From: Robert von Knobloch
Subject: Re: [avr-gcc-list] Allocating variables to a fixed address
Date: Tue, 12 May 2009 09:26:19 +0200
User-agent: Thunderbird (X11/20060911)

David Kelly wrote:
> On Mon, May 11, 2009 at 08:21:37AM -0600, Weddington, Eric wrote:
>>>> Sounds to me as if you are making the "bootloader" too big and
>>>> should simply link an entire application for every possible 
>>>> target. What you are doing would make more sense if the loadable
>>>> modules could run out of RAM.
>>> That would be no use, the loadables must be non-volatile. This is a
>>> tester that will be sent to a factory (somewhere). When a new
>>> product is to be tested, I can e-mail them the test routine which
>>> they then burn into flash (each of these is 0x900 bytes, there can
>>> be up to 0x0a of them).
>> Why is this method superior to having a regular bootloader, and you
>> have N applications, where each application is the individual test
>> routine and the common portion? Why do you have create this custom
>> interface which has its own set of problems? Alternatively, creating a
>> custom Makefile to handle building 10 different applications is
>> certainly easier in comparison.
> I agree, thats how I would handle it. Either build a custom linked
> application for each customer or provide the customer with the tools to
> build one of their own.
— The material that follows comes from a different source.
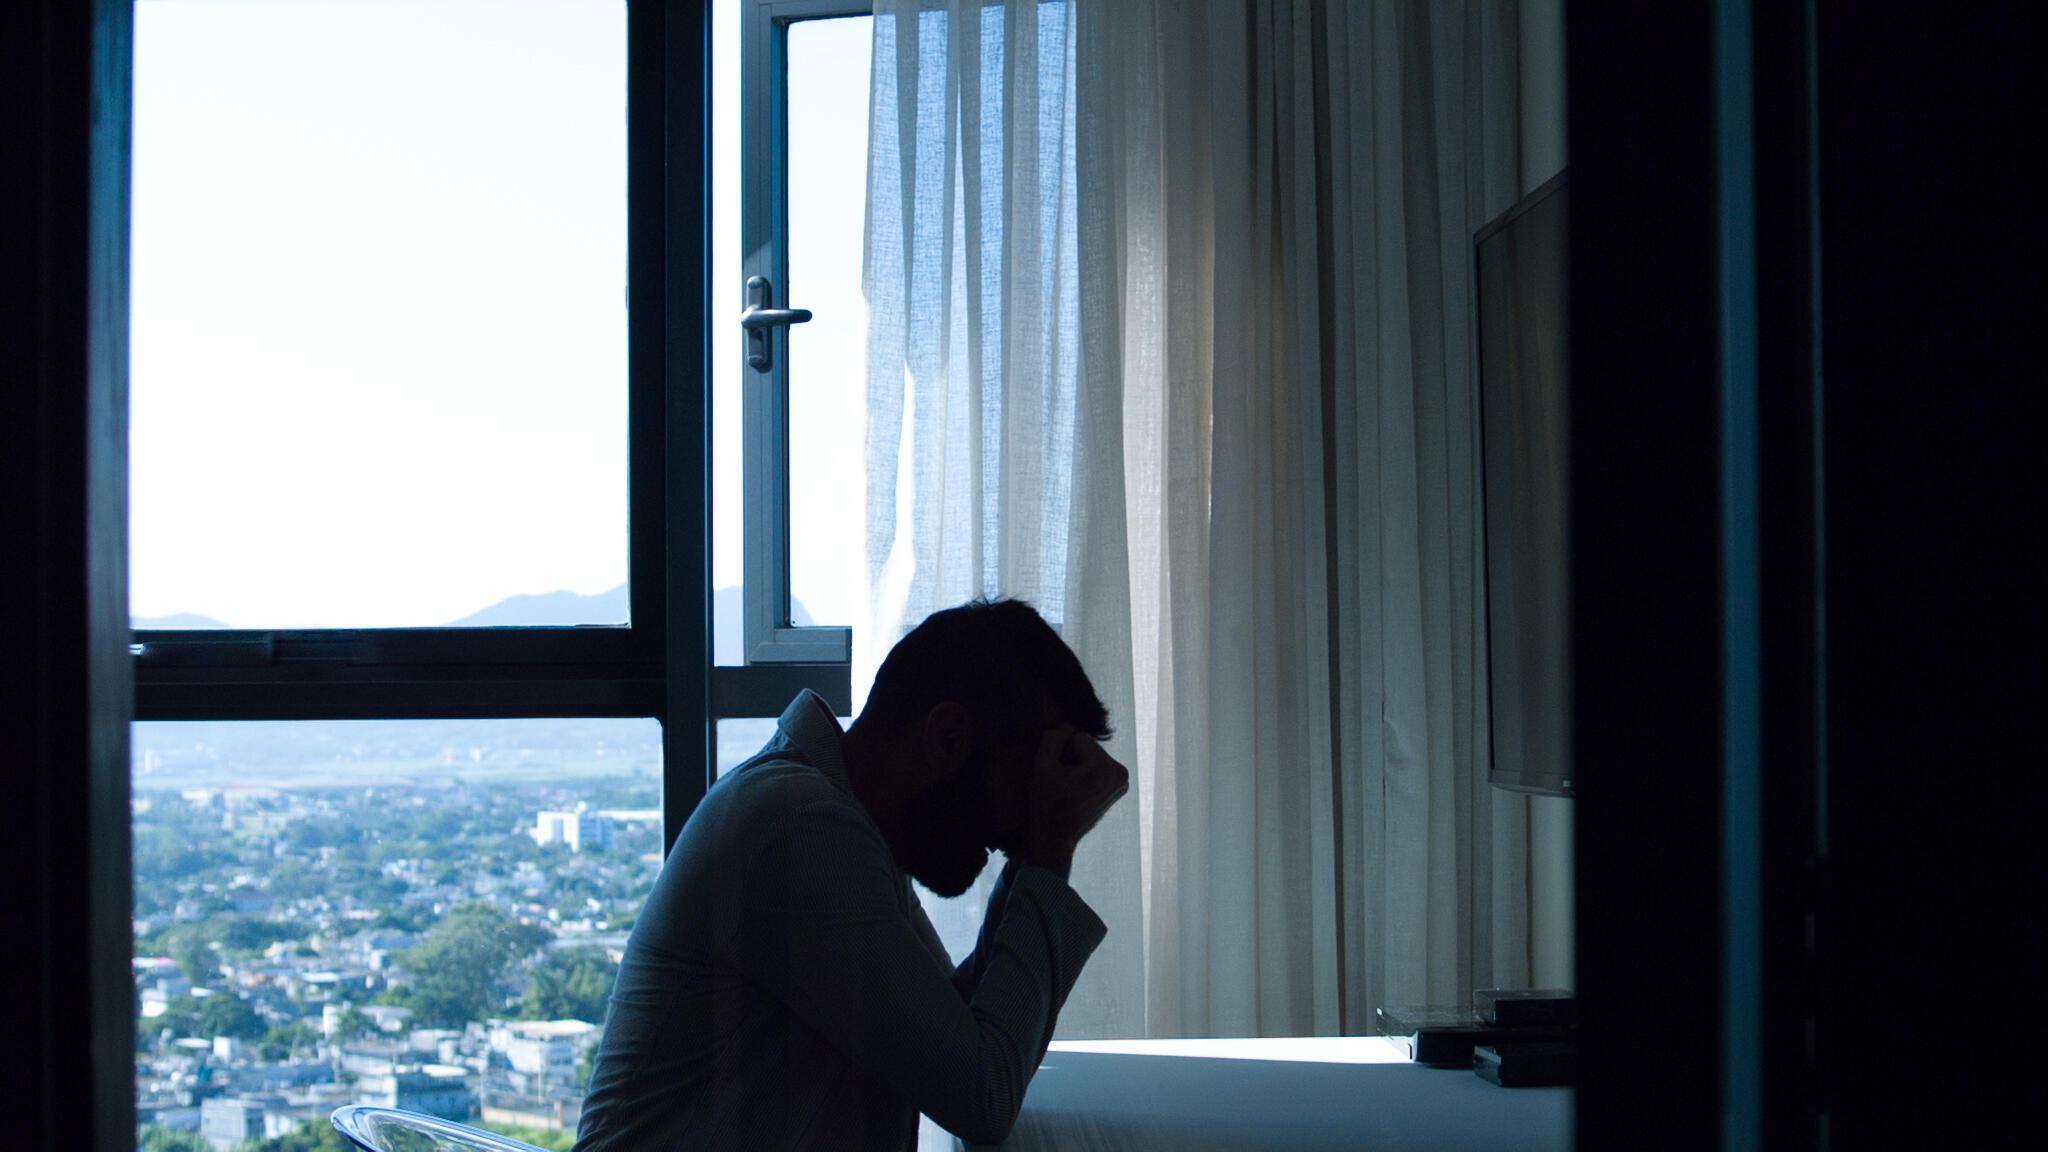 Agony Mental Health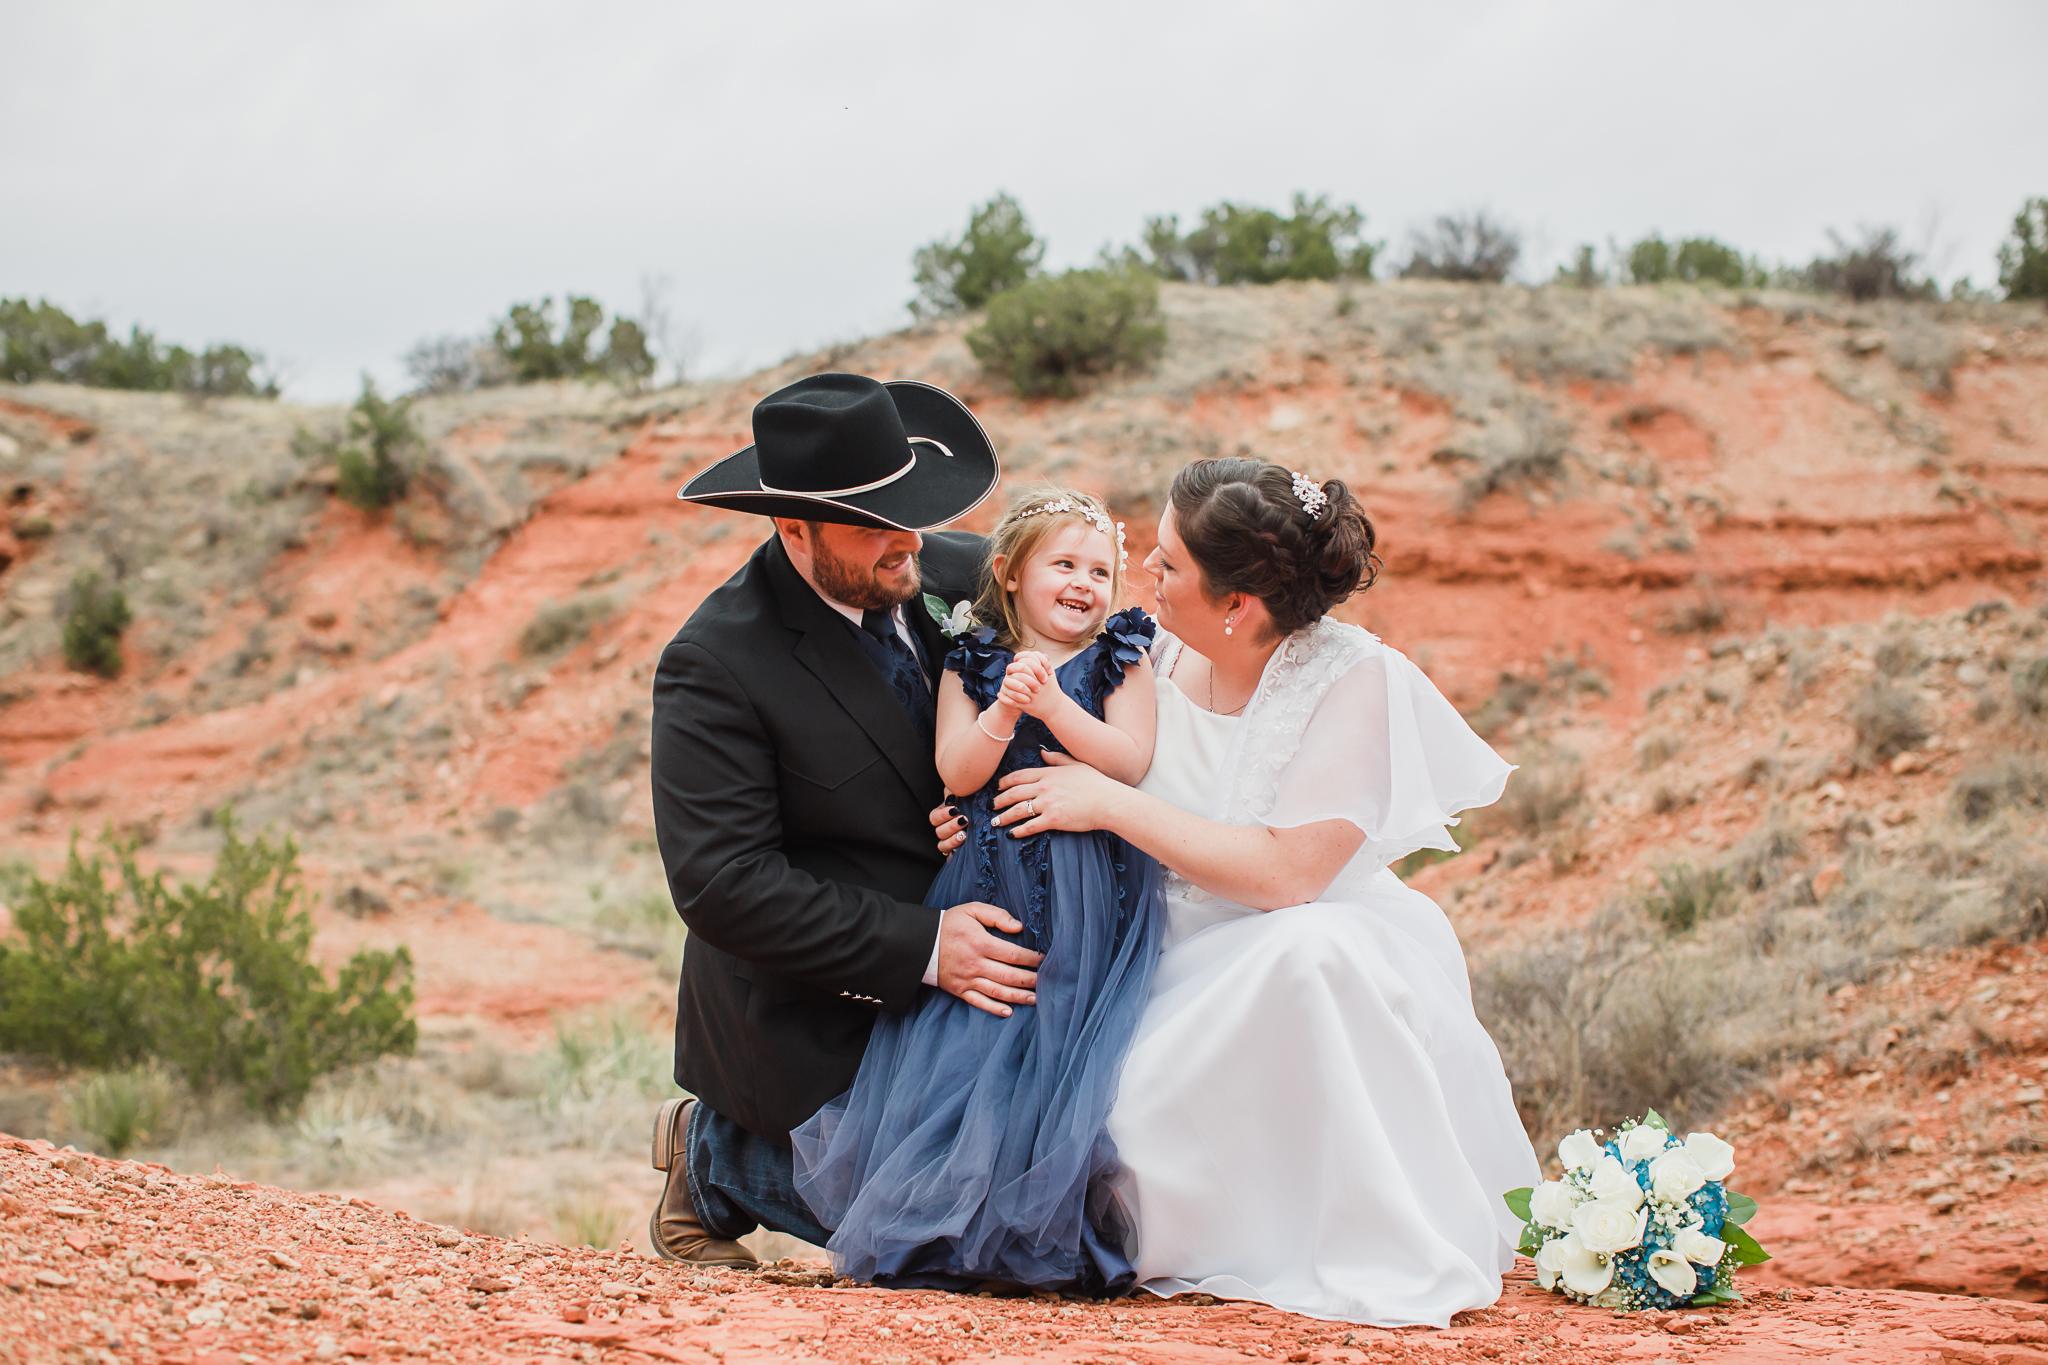 elopement photographer-24.jpg

What he is trying to do is in effect create a
> run time program linker.
Eric, David etc.,

Thanks for the suggestions but it seems I haven't explained the problem
The end users of this equipment will be factory operators who cannot
compile, link or do any of these software things.
Thus I have developed an extremely simple (read idiot-proof [i hope])
interface to use with a terminal program (minicom, teraterm etc.).
This is far more simple than any existing boot loader (OK, I *could*
write my own, but I'm too far along now).
The loadable elements are small (0x900) and will only ever be updated
one at a time.
If I compiled and linked the whole lot, then each small change would
requite the sending & loading of 64k of code, which I think is much too
much for these people (and, for compatibilty with modern PCs, the comms.
is run over a USB virtual RS-232 port which produces far too many serial
errors for my liking - but that's another issue).
I have the entire application written and am knocking the last bugs out now.
I confess that GCC seems to me to be mostly something to fight with,
perhaps I have been spoiled in the past using manufacturer's C compliers
that were tailored especially for the target.
I simply require a way to fix absolutely this jump table in memory.
Whether I write it in C or assembler seems to me to be irrelevant, as is
using an array of pointer to functions, because I still have the problem
of fixing these at absolute addresses.

If anyone knows a way to do this, I would very much appreciate it.